Perlahan, aku melepas ranselku.

Setelah meletakkannya di samping pohon yang cocok jadi sandaran, aku kembali berbalik menghadap Nanase.

"Kalau Direktur Sementara Tsukishiro mengirimmu dengan keyakinan bahwa kau bisa mengalahkanku, maka sepertinya aku tak punya pilihan selain bertarung sungguh-sungguh. Meskipun, mengangkat tangan melawan seorang gadis bisa dengan mudah jadi masalah besar."

Pertarungan ini jelas tidak akan berakhir hanya sebagai perkelahian kekanak-kanakan.

Namun, jika sampai aku membalas serangannya, itu sudah lebih dari cukup untuk memicu hukuman.

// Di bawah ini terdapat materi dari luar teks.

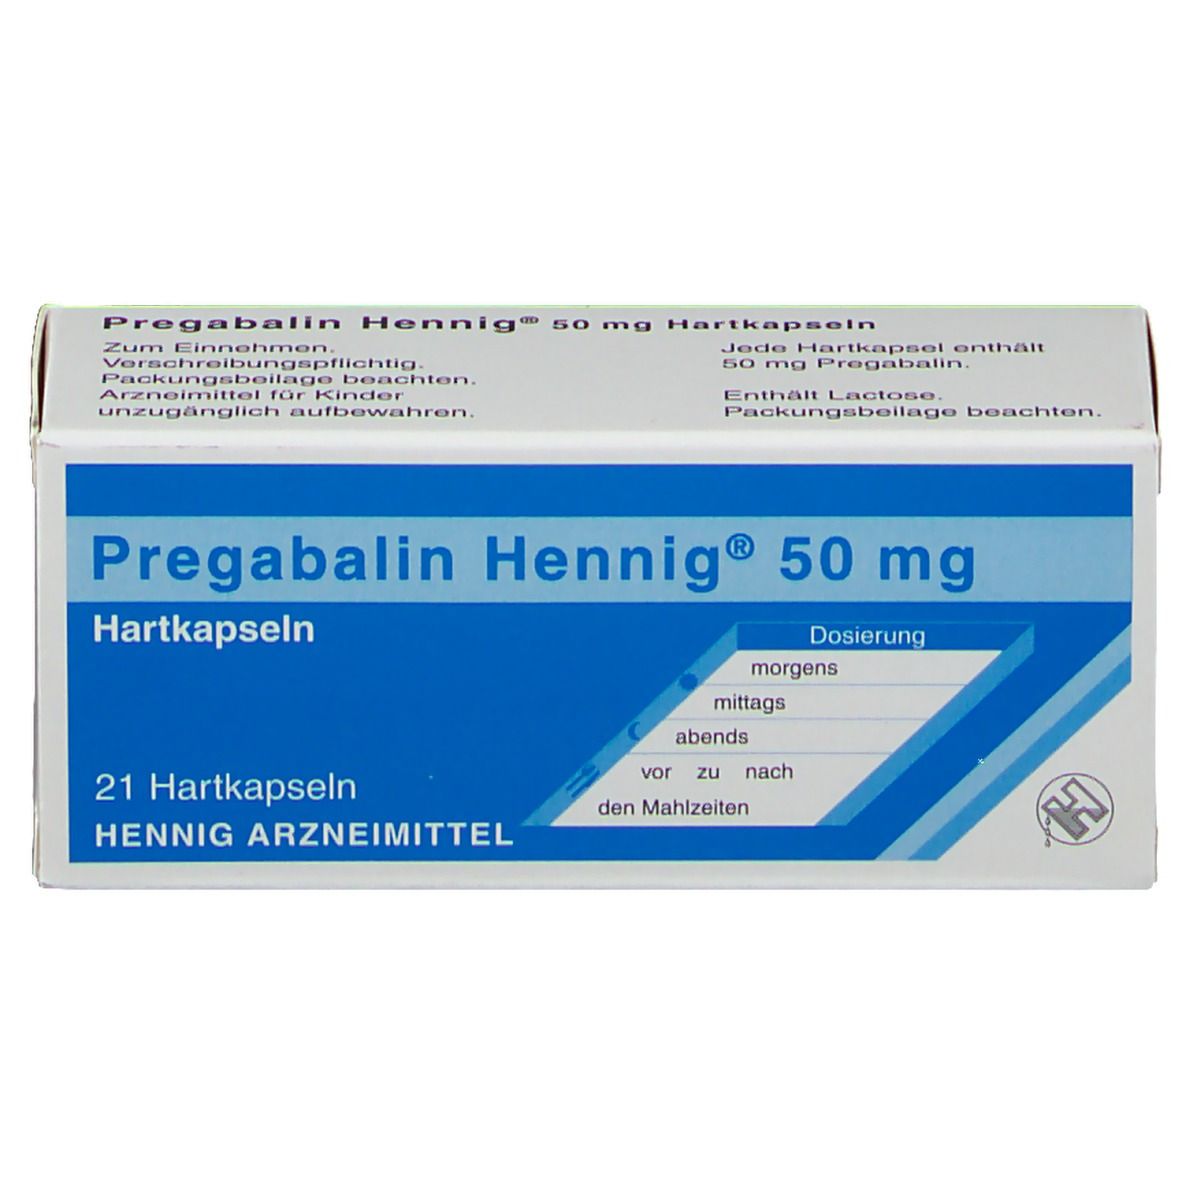 Pregabalin Hennig® 50 mg

Tidak ada jaminan bahwa Tsukishiro tidak akan membuat keputusan untuk membuat kami mengundurkan diri, atau lebih tepatnya, mengeluarkan kami berdua hanya karena saling adu pukul.

Kalau kami seimbang, itu sama saja dengan kekalahanku.

"Kalau Senpai mencari jalan keluar, satu-satunya pilihanmu adalah meninggalkan tas itu dan melarikan diri."

"Mungkin begitu."

"Tapi, sayangnya itu pun tak akan berguna."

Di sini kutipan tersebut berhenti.